A flooring member for use in constructing a floor surface comprising an elongated structural member having at least one, relatively flat, vertically-extending support portion enabling said flooring member to withstand relatively heavy loads without substantial bending, said flooring member consisting essentially of glass fiber reinforcements and a suitable polyester. Preferably the member is constructed by pultrusion and includes a top portion having a substantially flat upper surface suitable for forming the floor surface, the support portion being integrally connected to the bottom of the top portion.
BACKGROUND OF THE INVENTION
This invention relates to flooring members and in particular to flooring suitable for heavy load areas and areas subject to conditions which normally give rise to corrosion or rot in normal materials.
It is of course well known to construct floors, both the actual floor surface and the underlying support structure, from such materials as wood or steel. However, these materials are becoming increasingly more expensive and hard to obtain, particularly wood. Also these materials are not suitable for some flooring purposes because of their tendency to rot or corrode. The use of other materials is often not practical because of the inability of other mterials to withstand heavy loads to which flooring members are often subject and because of the high cost of alternative materials. Also many materials which might conceivably be used cannot stand up to the heavy wear and tear that flooring must withstand.
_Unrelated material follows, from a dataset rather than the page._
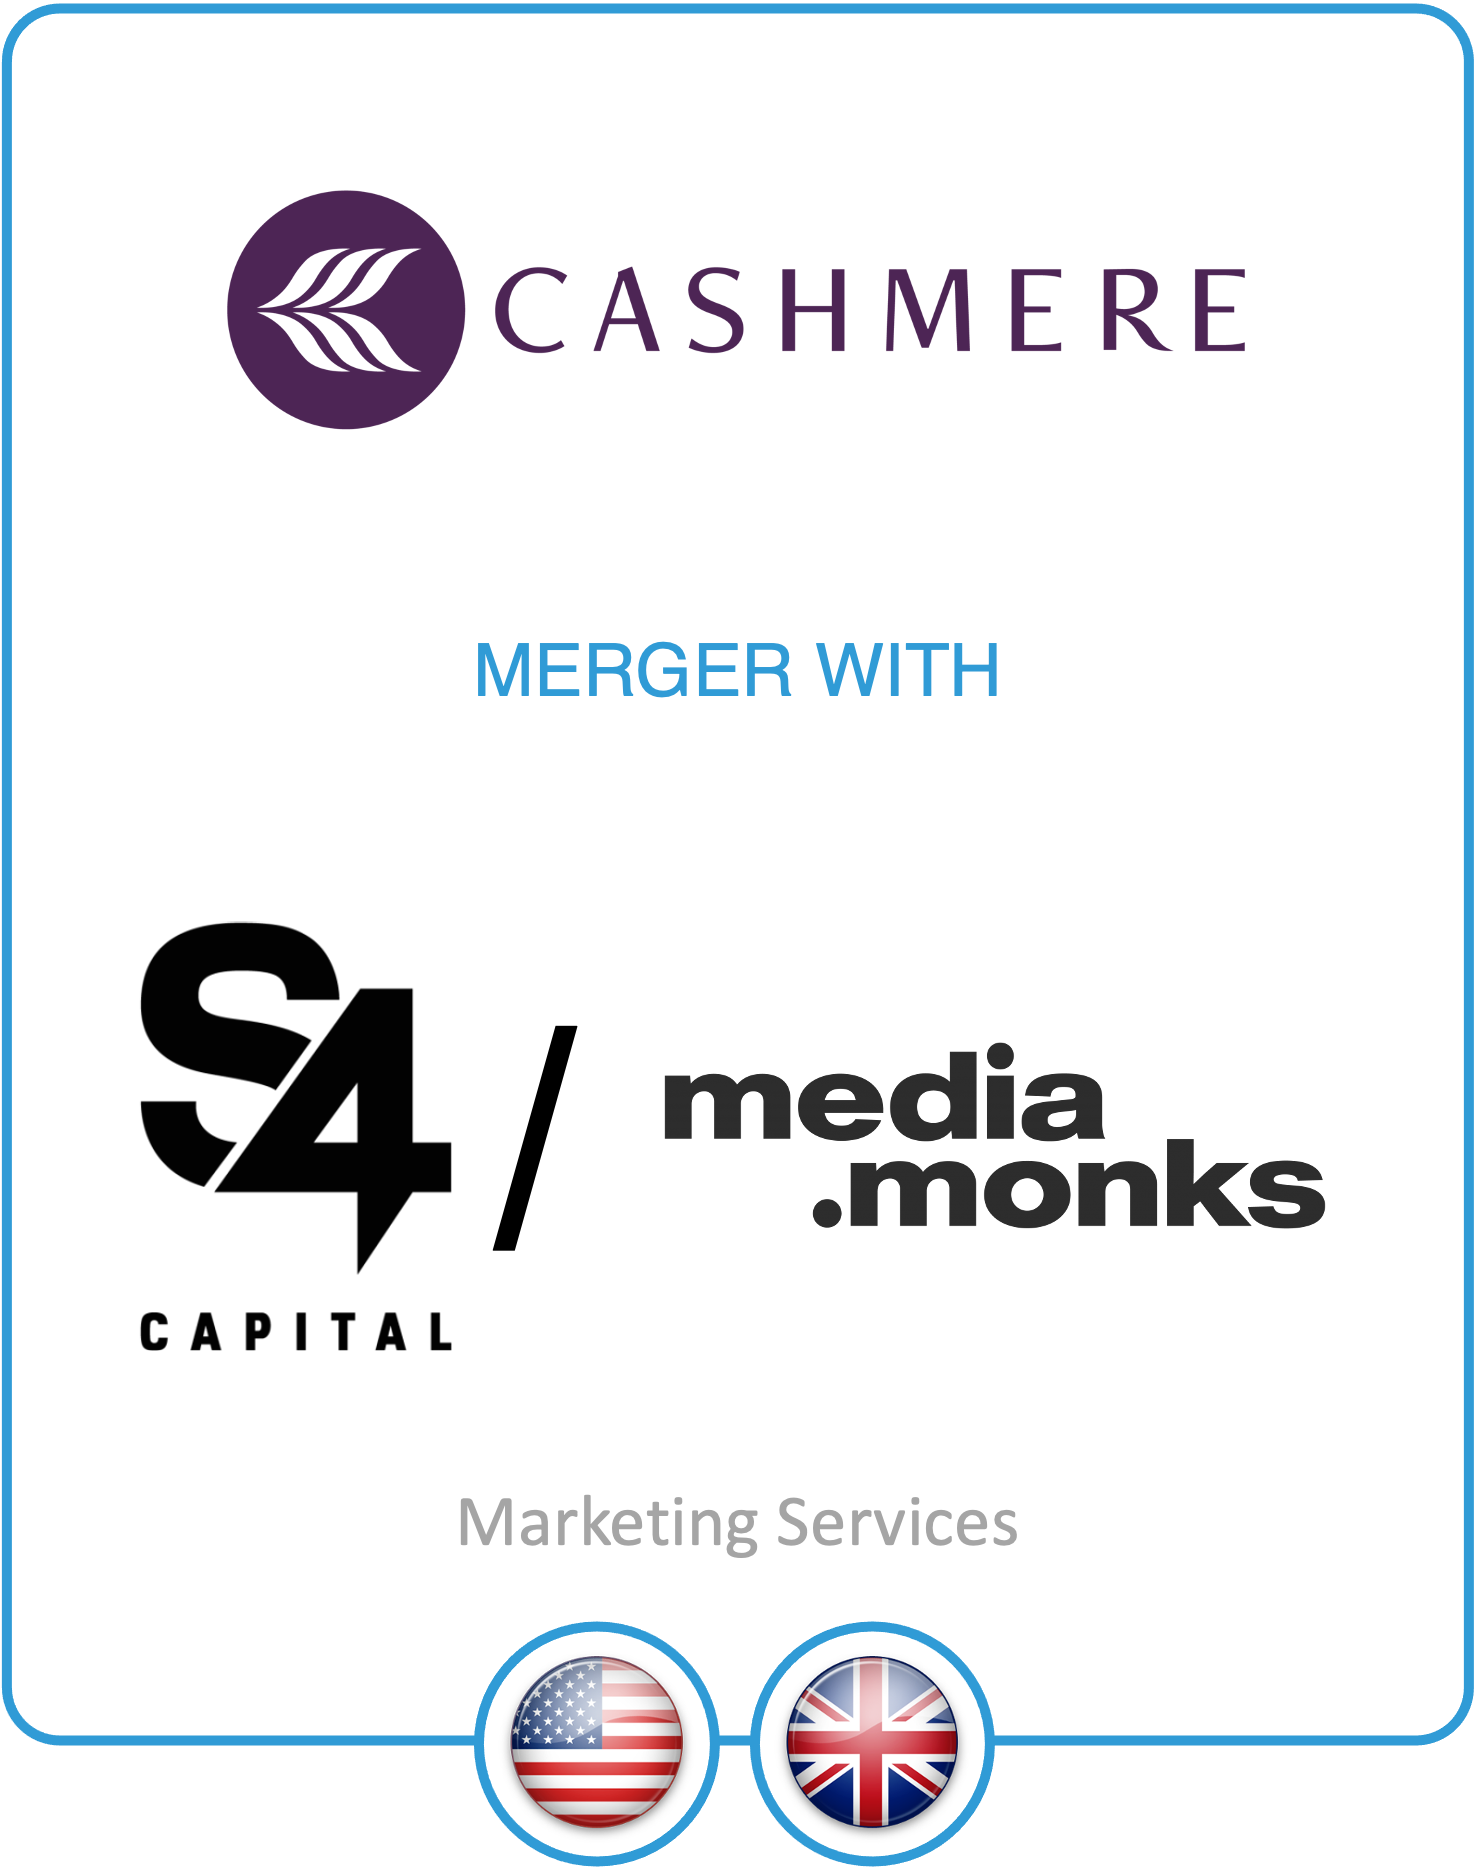 Drake Star Partners Acts As Exclusive Financial Advisor To Cashmere Agency On Its Merger With S4 Capital

One particular industry for which suitable flooring has been an unsolved problem for many years is the livestock and poultry industry and the related livestock transportation industry. The flooring in pens, feed lots, and livestock barns and in rail cars and trucks where livestock or poultry is kept on a continuing basis is subject to very corrosive or rotting conditions due to the urine and droppings of the animals which may give off highly corrosive ammonia gases, the high level of moisture from various sources, the hay and feed which is usually present, and the accompanying bacteria. Flooring made of wood or steel quickly deteriorates and must be replaced at high cost. The additional problem of course, at least with flooring for livestock, is that the flooring must be capable of withstanding very heavy loads because of the great weight of such animals which often tend to cluster in groups in a particular portion of the pen.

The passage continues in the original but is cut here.